**SUPPLIED DATA:**
____

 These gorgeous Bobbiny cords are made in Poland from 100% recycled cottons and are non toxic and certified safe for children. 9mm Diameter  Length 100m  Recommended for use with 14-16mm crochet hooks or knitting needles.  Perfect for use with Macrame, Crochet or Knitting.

____

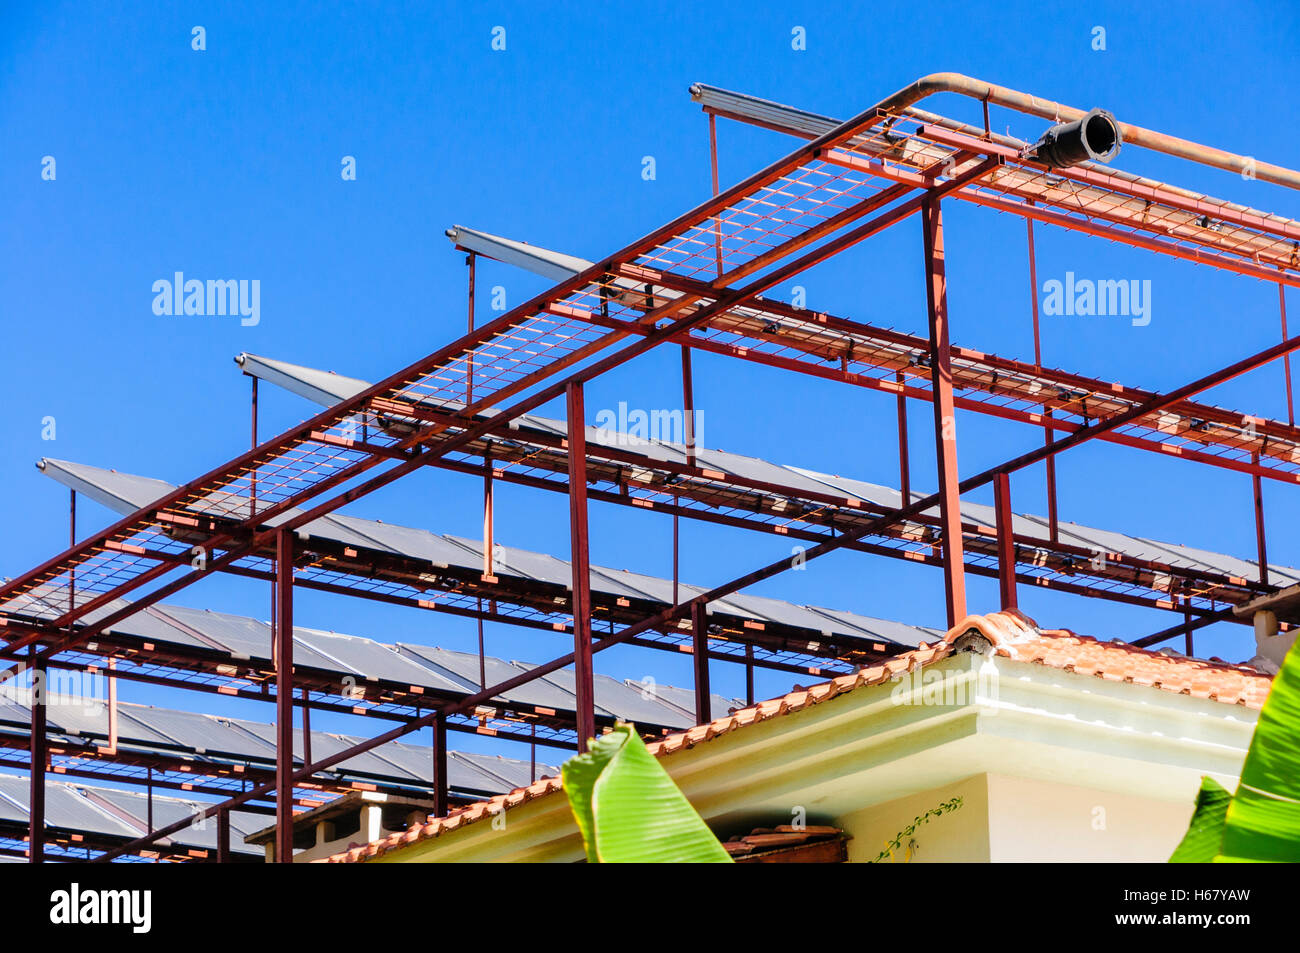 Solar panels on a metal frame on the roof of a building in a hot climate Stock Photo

____

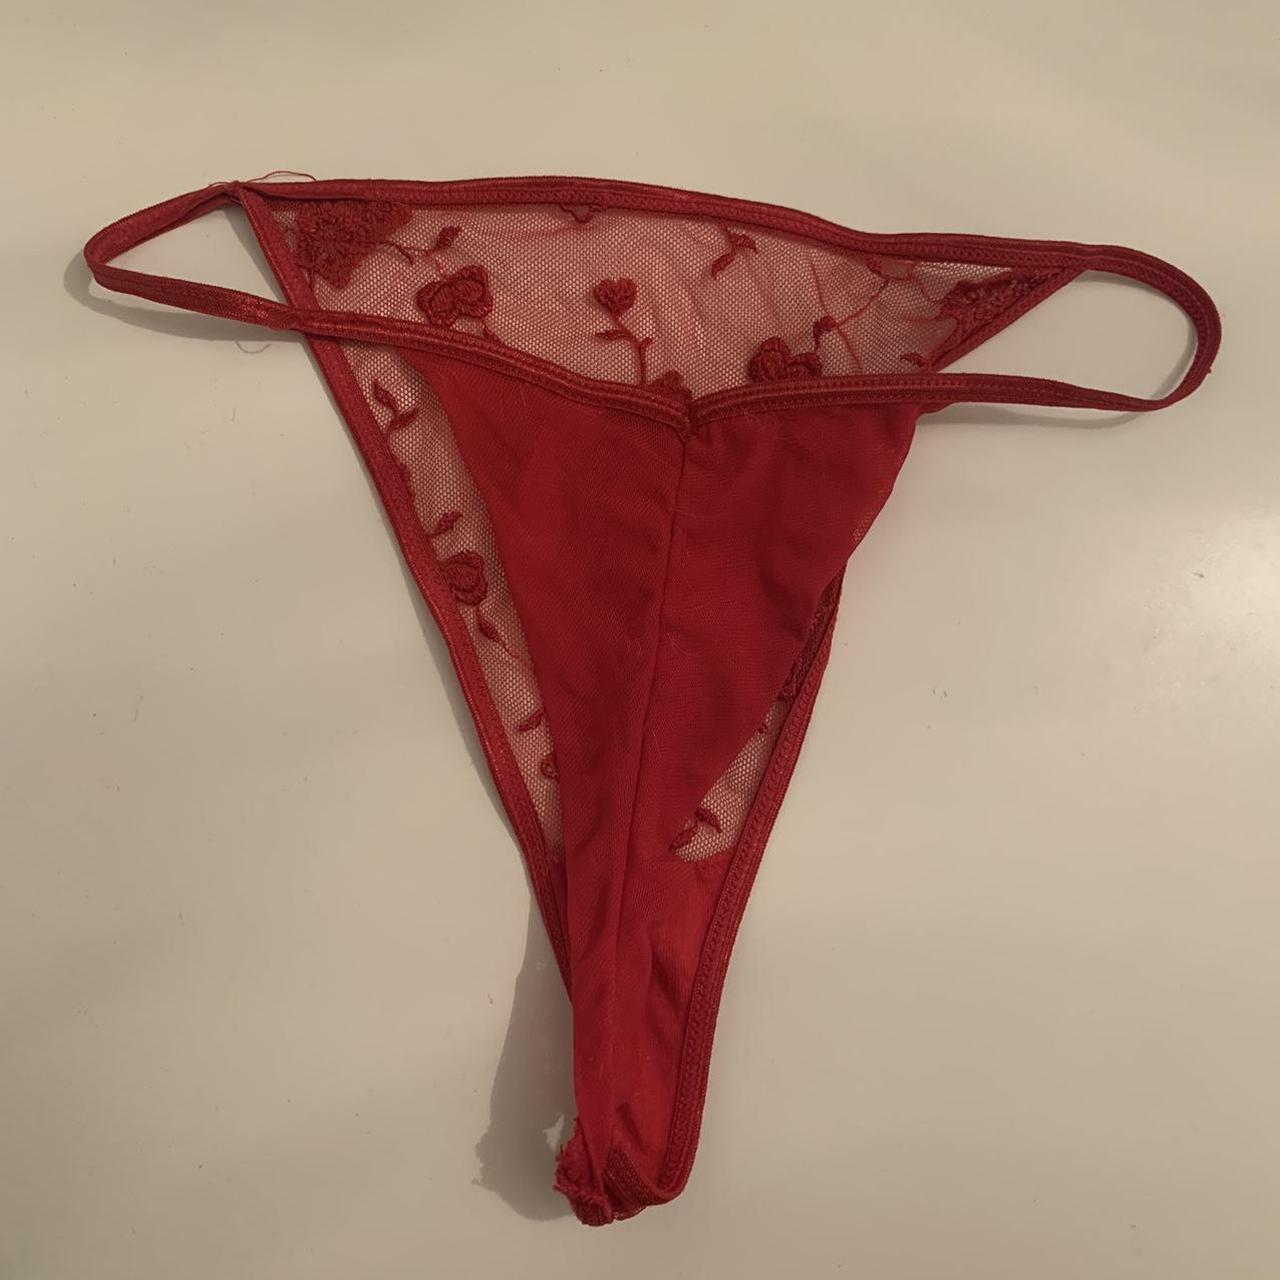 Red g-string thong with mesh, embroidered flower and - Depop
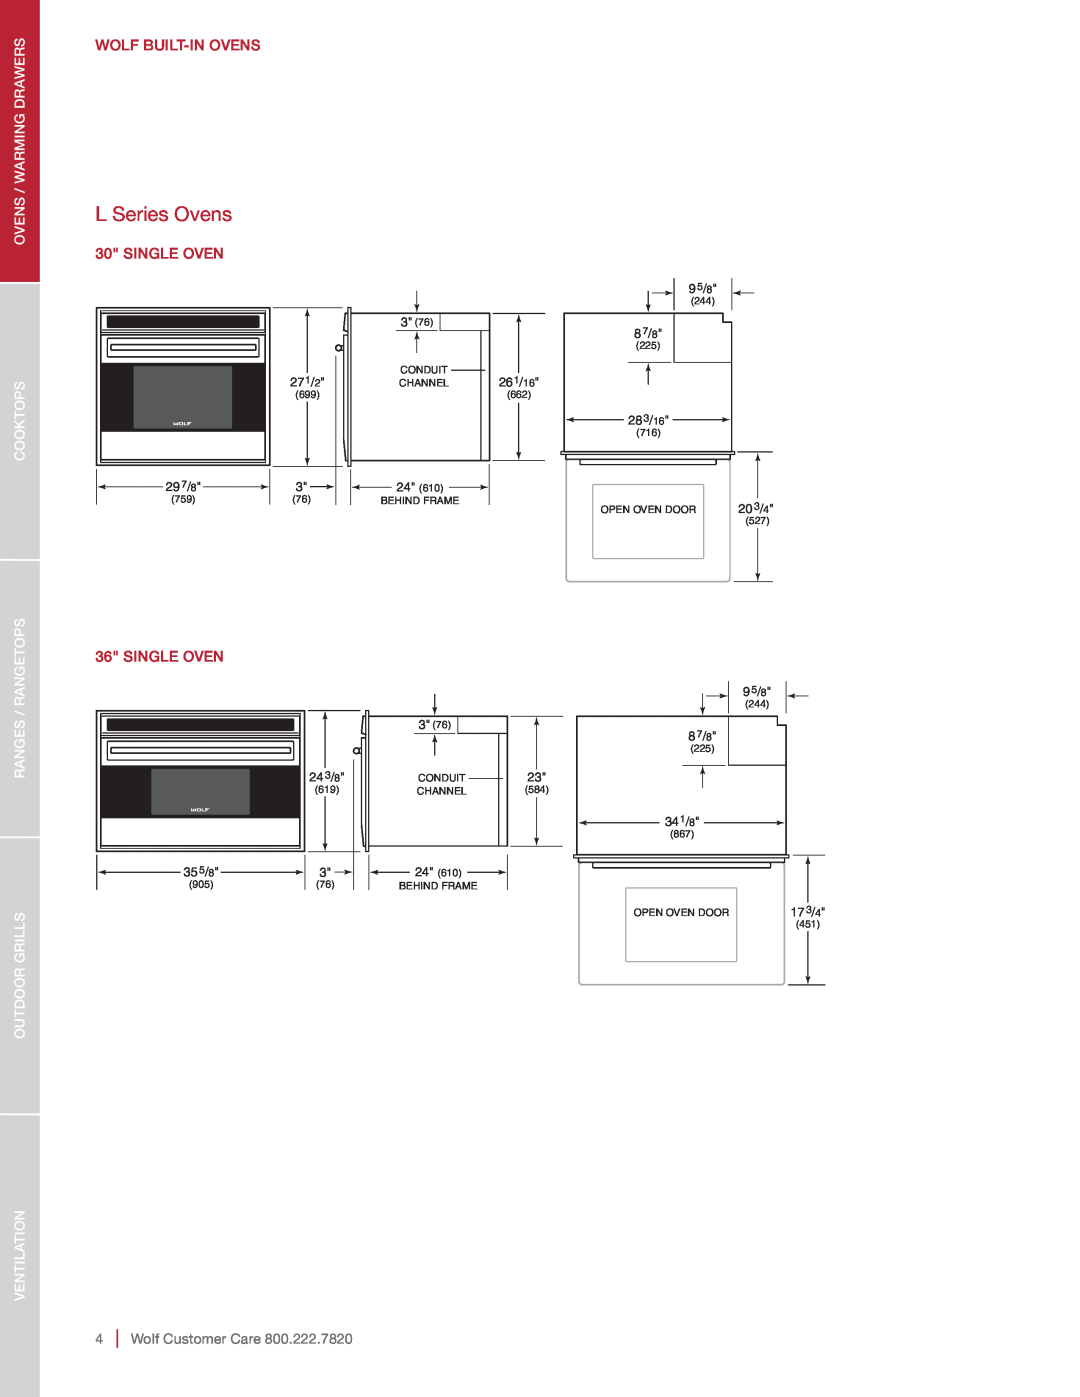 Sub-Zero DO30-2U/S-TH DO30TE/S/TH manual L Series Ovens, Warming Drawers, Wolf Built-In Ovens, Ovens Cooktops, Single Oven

____

**WHAT IS REQUIRED:** All that should appear in the answer is the lines above from the line with "Red g-string thong" through the line with "Sub-Zero DO30-2U/S-TH DO30TE/S/TH", retyped exactly, pictures left out.

**ANSWER TO THIS EXERCISE:**
 Red g-string thong with mesh, embroidered flower and - Depop
 Sub-Zero DO30-2U/S-TH DO30TE/S/TH manual L Series Ovens, Warming Drawers, Wolf Built-In Ovens, Ovens Cooktops, Single Oven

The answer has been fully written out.